R: Block-based General-to-Specific (GETS) modelling

blocksFun {gets}

R Documentation

Block-based General-to-Specific (GETS) modelling

Description

Auxiliary function (i.e. not intended for the average user) that enables block-based GETS-modelling with user-specified estimator, diagnostics and goodness-of-fit criterion.

Usage

blocksFun(y, x, untransformed.residuals=NULL, blocks=NULL,
  no.of.blocks=NULL, max.block.size=30, ratio.threshold=0.8,
  gets.of.union=TRUE, force.invertibility=FALSE,
  user.estimator=list(name="ols"), t.pval=0.001, wald.pval=t.pval,
  do.pet=FALSE, ar.LjungB=NULL, arch.LjungB=NULL, normality.JarqueB=NULL,
  user.diagnostics=NULL, gof.function=list(name="infocrit"),
  gof.method=c("min", "max"), keep=NULL, include.gum=FALSE,
  include.1cut=FALSE, include.empty=FALSE, max.paths=NULL,
  turbo=FALSE, parallel.options=NULL, tol=1e-07, LAPACK=FALSE,
  max.regs=NULL, print.searchinfo=TRUE, alarm=FALSE)

Arguments

`y`	a numeric vector (with no missing values, i.e. no non-numeric 'holes')
`x`	a `matrix`, or a `list` of matrices
`untransformed.residuals`	`NULL` (default) or, when `ols` is used with `method=6` in `user.estimator`, a numeric vector containing the untransformed residuals
`blocks`	`NULL` (default) or a `list` of lists with vectors of integers that indicate how blocks should be put together. If `NULL`, then the block composition is undertaken automatically by an internal algorithm that depends on `no.of.blocks`, `max.block.size` and `ratio.threshold`
`no.of.blocks`	`NULL` (default) or `integer`. If `NULL`, then the number of blocks is determined automatically by an internal algorithm
`max.block.size`	`integer` that controls the size of blocks
`ratio.threshold`	`numeric` between 0 and 1 that controls the minimum ratio of variables in each block to total observations
`gets.of.union`	`logical`. If `TRUE` (default), then GETS modelling is undertaken of the union of retained variables. Otherwise it is not
`force.invertibility`	`logical`. If `TRUE`, then the x-matrix is ensured to have full row-rank before it is passed on to `getsFun`
`user.estimator`	`list`, see `getsFun` for the details
`t.pval`	`numeric` value between 0 and 1. The significance level used for the two-sided coefficient significance t-tests
`wald.pval`	`numeric` value between 0 and 1. The significance level used for the Parsimonious Encompassing Tests (PETs)
`do.pet`	`logical`. If `TRUE`, then a Parsimonious Encompassing Test (PET) against the GUM is undertaken at each variable removal for the joint significance of all the deleted regressors along the current GETS path. If `FALSE`, then a PET is not undertaken at each removal
`ar.LjungB`	a two element `vector`, or `NULL`. In the former case, the first element contains the AR-order, the second element the significance level. If `NULL`, then a test for autocorrelation in the residuals is not conducted
`arch.LjungB`	a two element `vector`, or `NULL`. In the former case, the first element contains the ARCH-order, the second element the significance level. If `NULL`, then a test for ARCH in the residuals is not conducted
`normality.JarqueB`	`NULL` or a `numeric` value between 0 and 1. In the latter case, a test for non-normality in the residuals is conducted using a significance level equal to `normality.JarqueB`. If `NULL`, then no test for non-normality is conducted
`user.diagnostics`	`NULL` (default) or a `list` with two entries, `name` and `pval`. See `getsFun` for the details
`gof.function`	`list`. The first item should be named `name` and contain the name (a character) of the Goodness-of-Fit (GOF) function used.
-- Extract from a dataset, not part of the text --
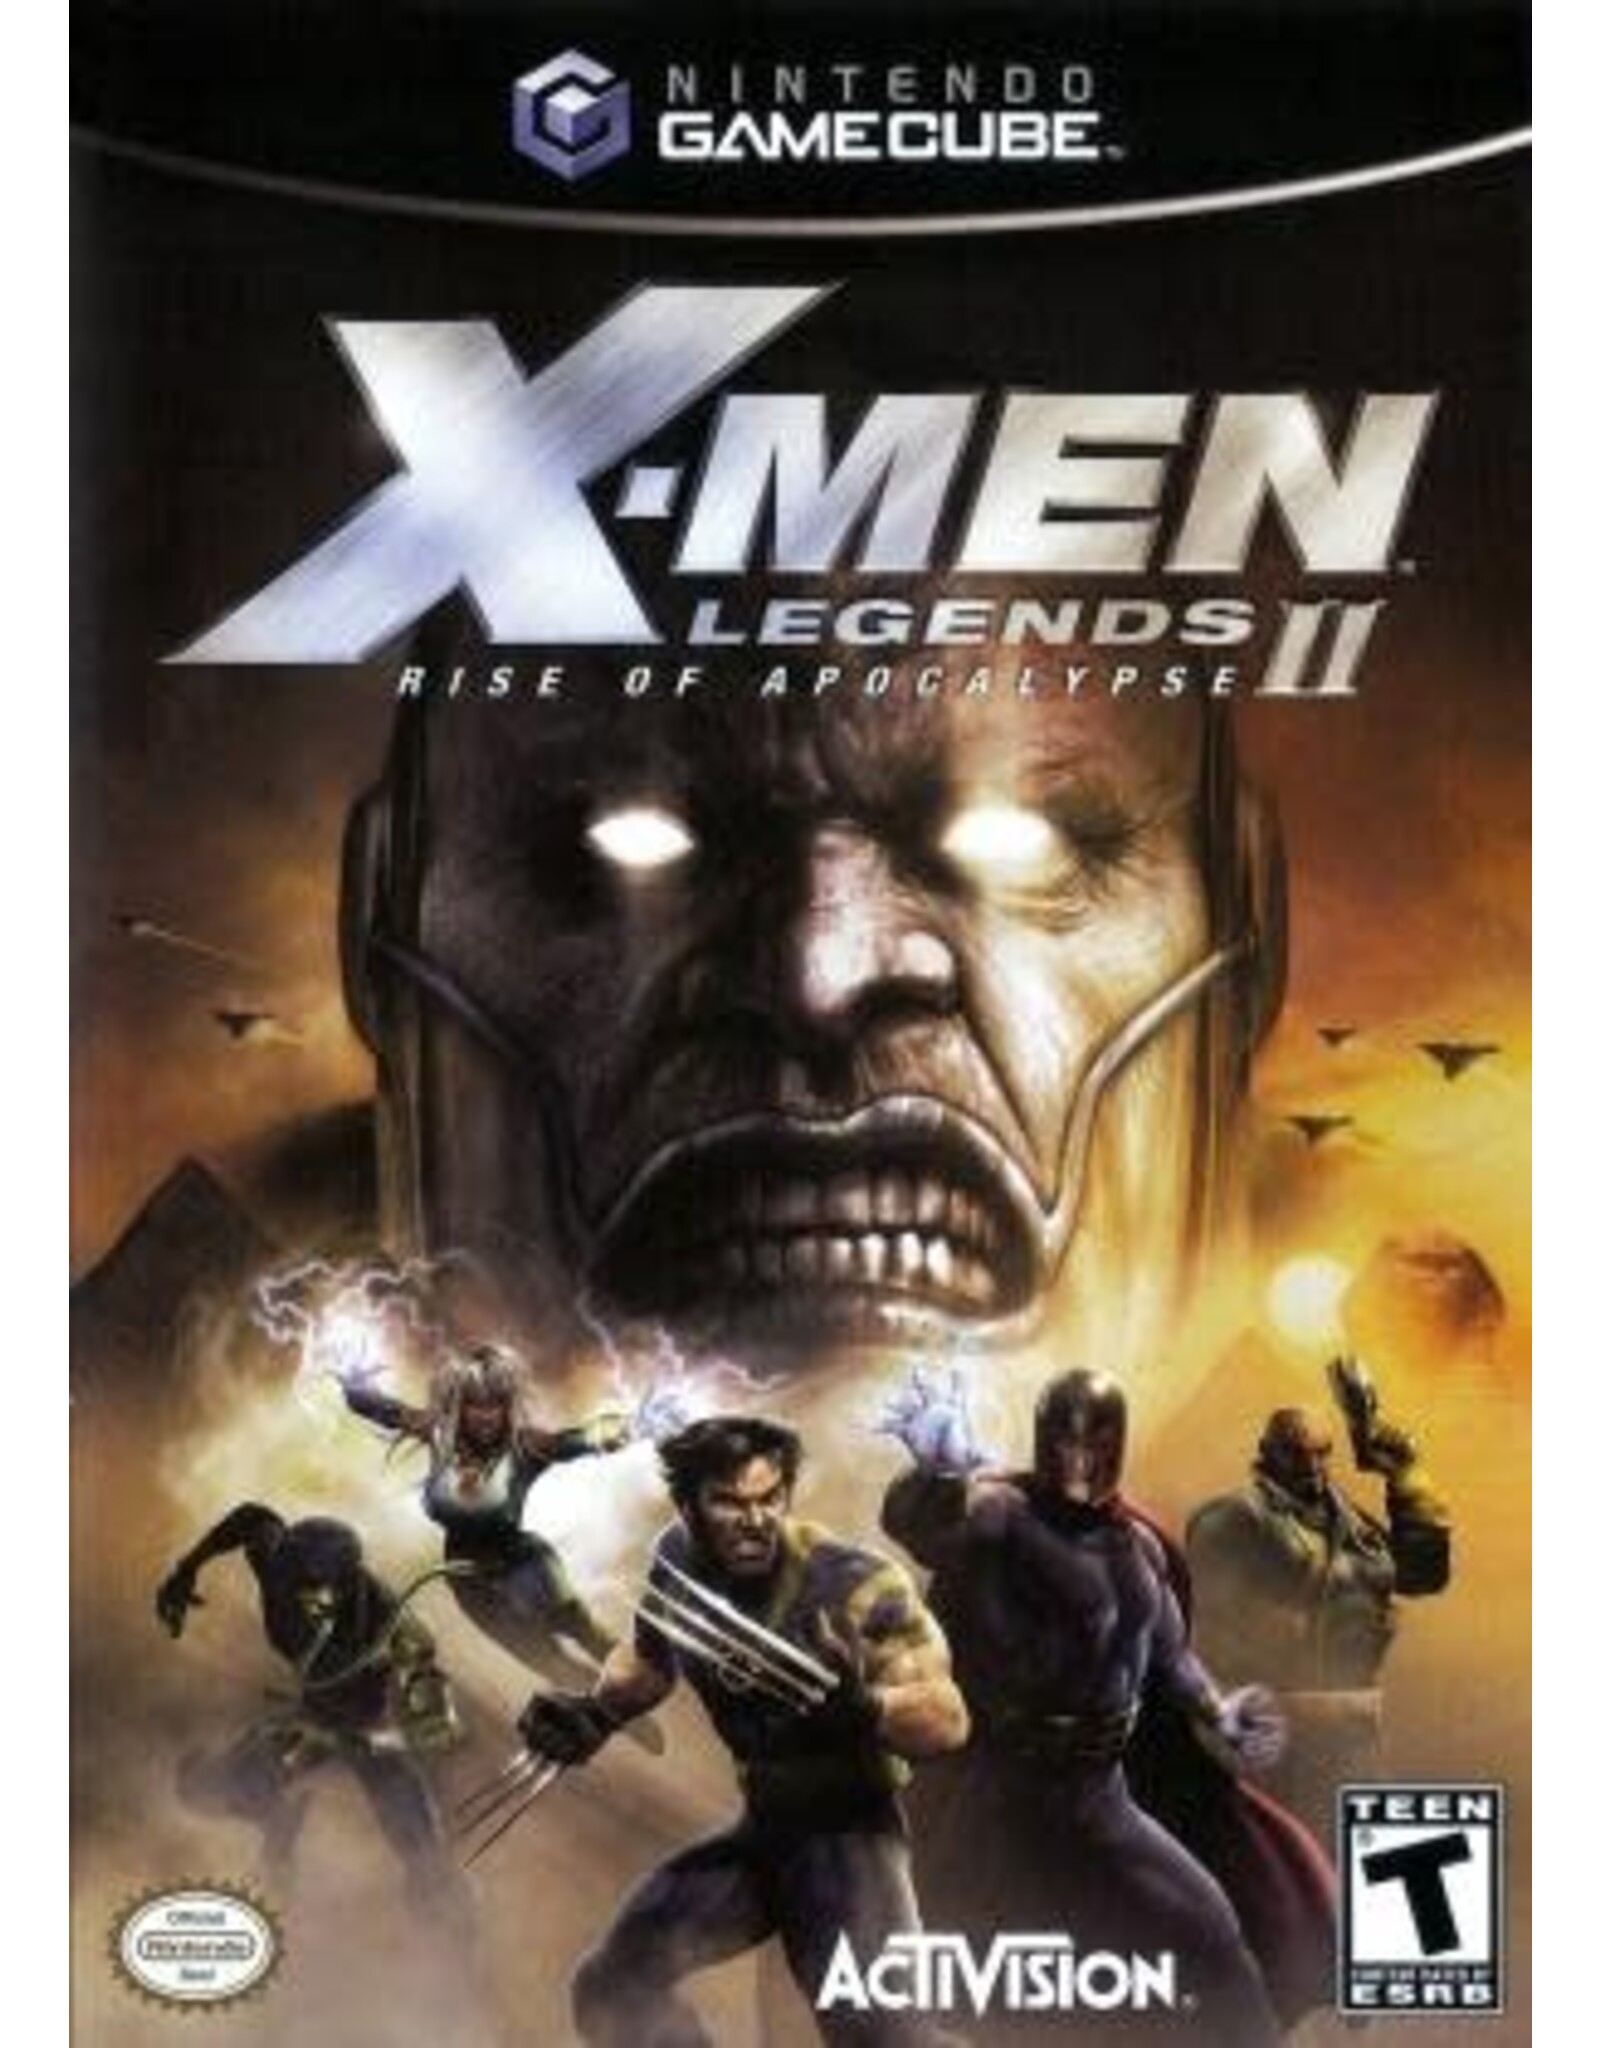 Gamecube X-men Legends II (Used)

Additional items in the list `gof.function` are passed on as arguments to the GOF-function. . See `getsFun` for the details
`gof.method`	`character`. Determines whether the best Goodness-of-Fit is a minimum (default) or maximum
`keep`	`NULL` (default), `vector` of integers or a `list` of vectors of integers. In the latter case, the number of vectors should be equal to the number of matrices in `x`
`include.gum`	`logical`. If `TRUE`, then the GUM (i.e. the starting model) is included among the terminal models
`include.1cut`	`logical`. If `TRUE`, then the 1-cut model is added to the list of terminal models
`include.empty`	`logical`. If `TRUE`, then the empty model is added to the list of terminal models
`max.paths`	`NULL` (default) or `integer` greater than 0. If `NULL`, then there is no limit to the number of paths. If `integer` (e.g. 1), then this integer constitutes the maximum number of paths searched (e.g. a single path)
`turbo`	`logical`. If `TRUE`, then (parts of) paths are not searched twice (or more) unnecessarily in each GETS modelling. Setting `turbo` to `TRUE` entails a small additional computational costs, but may be outweighed substantially if estimation is slow, or if the number of variables to delete in each path is large
`parallel.options`	`NULL` or `integer` that indicates the number of cores/threads to use for parallel computing (implemented w/`makeCluster` and `parLapply`)
`tol`	`numeric` value, the tolerance for detecting linear dependencies in the columns of the variance-covariance matrix when computing the Wald-statistic used in the Parsimonious Encompassing Tests (PETs), see the `qr.solve` function
`LAPACK`	currently not used
`max.regs`	`integer`. The maximum number of regressions along a deletion path. Do not alter unless you know what you are doing!
`print.searchinfo`	`logical`. If `TRUE` (default), then a print is returned whenever simiplification along a new path is started
`alarm`	`logical`. If `TRUE`, then a sound or beep is emitted (in order to alert the user) when the model selection ends

Details

blocksFun undertakes block-based GETS modelling by a repeated but structured call to getsFun. For the details of how to user-specify an estimator via user.estimator, diagnostics via user.diagnostics and a goodness-of-fit function via gof.function, see documentation of getsFun under "Details".

The algorithm of blocksFun is similar to that of isat, but more flexible. The main use of blocksFun is the creation of user-specified methods that employs block-based GETS modelling, e.g. indicator saturation techniques.

Value

A list with the results of the block-based GETS-modelling.

Author(s)

Genaro Sucarrat, with contributions from Jonas kurle, Felix Pretis and James Reade

References

F. Pretis, J. Reade and G. Sucarrat (2018): 'Automated General-to-Specific (GETS) Regression Modeling and Indicator Saturation for Outliers and Structural Breaks'. Journal of Statistical Software 86, Number 3, pp. 1-44

G. sucarrat (2020): 'User-Specified General-to-Specific and Indicator Saturation Methods'. The R Journal 12 issue 2, pp. 388-401, https://journal.r-project.org/archive/2021/RJ-2021-024/

Examples


## more variables than observations:
y <- rnorm(20)
x <- matrix(rnorm(length(y)*40), length(y), 40)
blocksFun(y, x)

## 'x' as list of matrices:
z <- matrix(rnorm(length(y)*40), length(y), 40)
blocksFun(y, list(x,z))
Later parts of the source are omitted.